*Exercise prompt*: For this exercise, return only the lines in the records below from the one holding "Home - International" through the one holding "Crystal droplet Cake", including both, exactly as they appear and without pictures.
══ Information provided ══
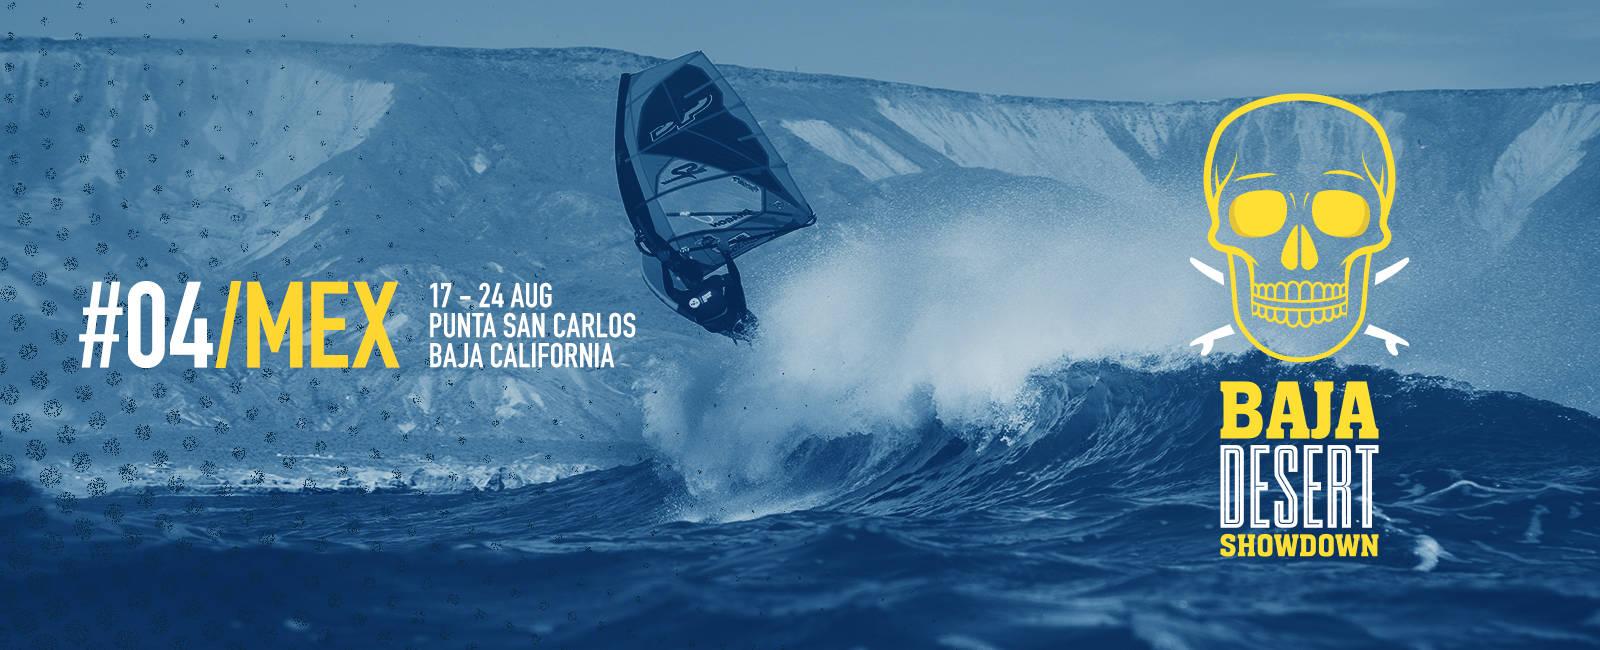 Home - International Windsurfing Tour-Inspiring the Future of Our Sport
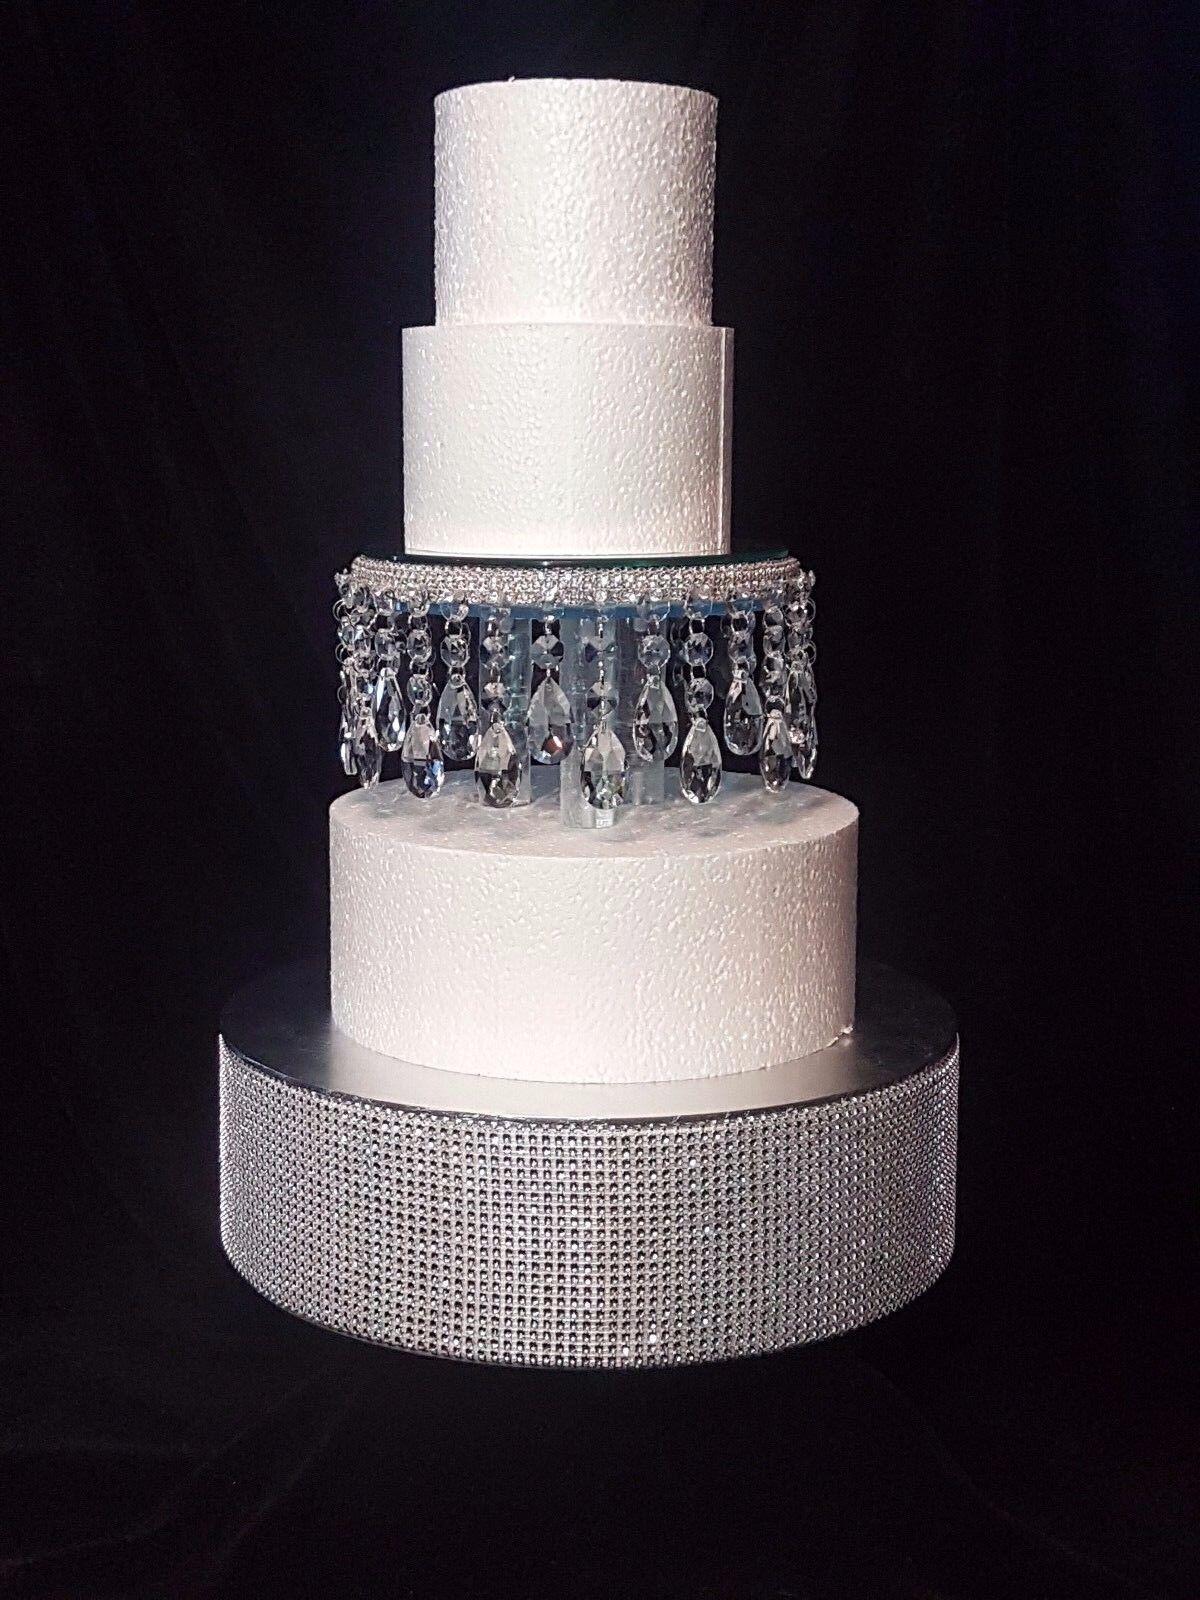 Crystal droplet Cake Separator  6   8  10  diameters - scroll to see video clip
═══
══ Information provided ══
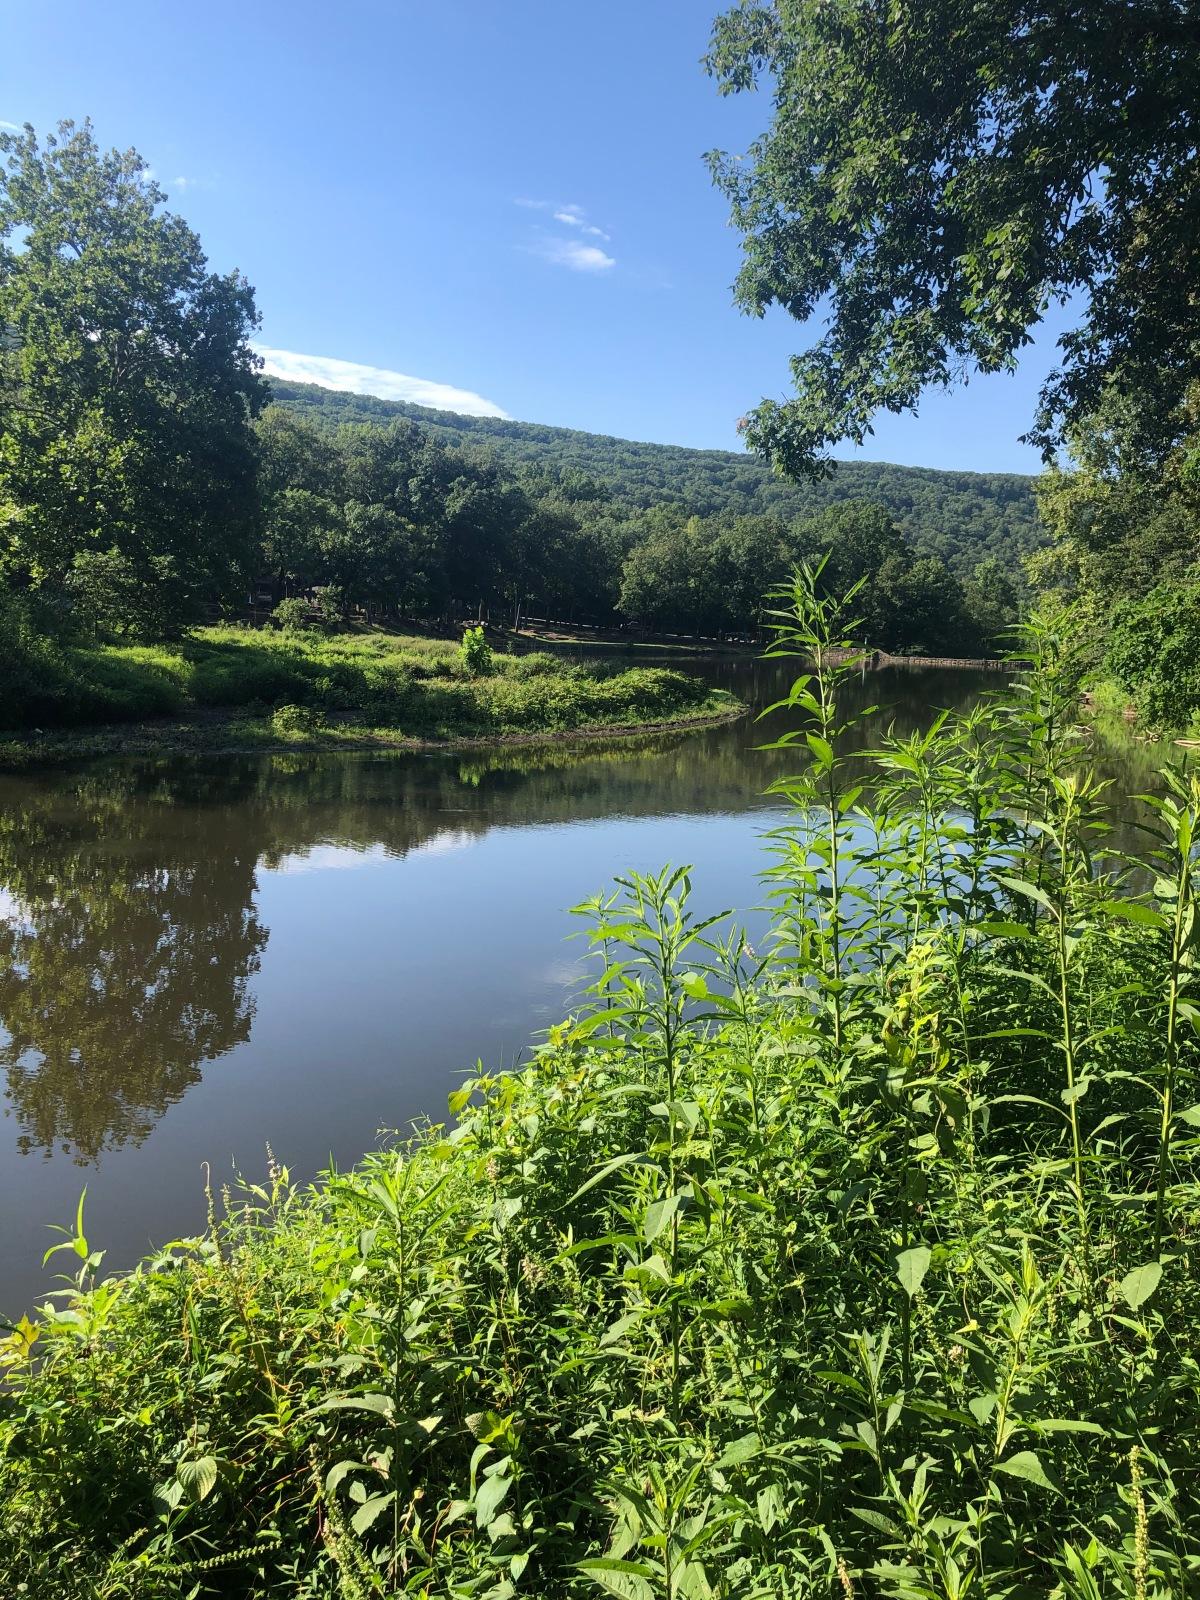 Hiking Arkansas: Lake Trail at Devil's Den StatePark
═══
══ Information provided ══
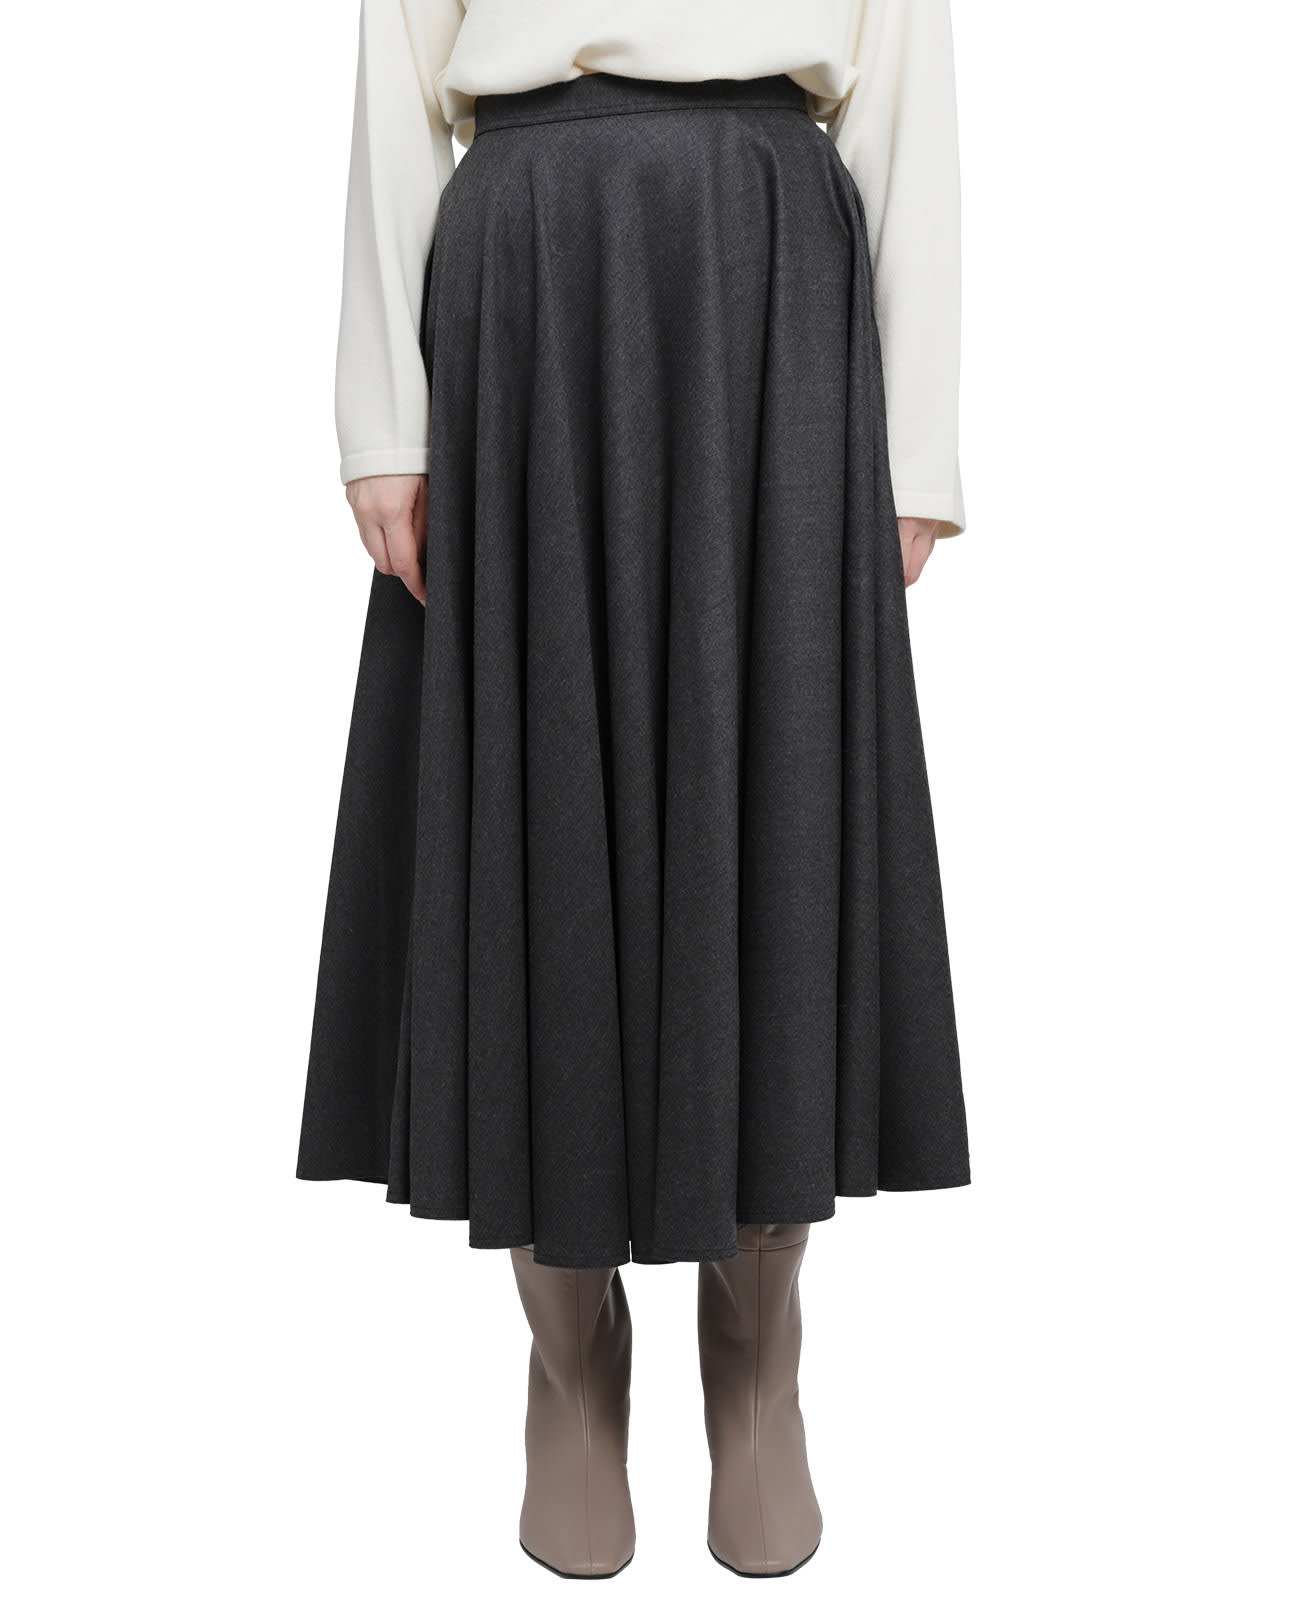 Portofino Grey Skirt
═══
*Result for this task*:
 Home - International Windsurfing Tour-Inspiring the Future of Our Sport
 Crystal droplet Cake Separator  6   8  10  diameters - scroll to see video clip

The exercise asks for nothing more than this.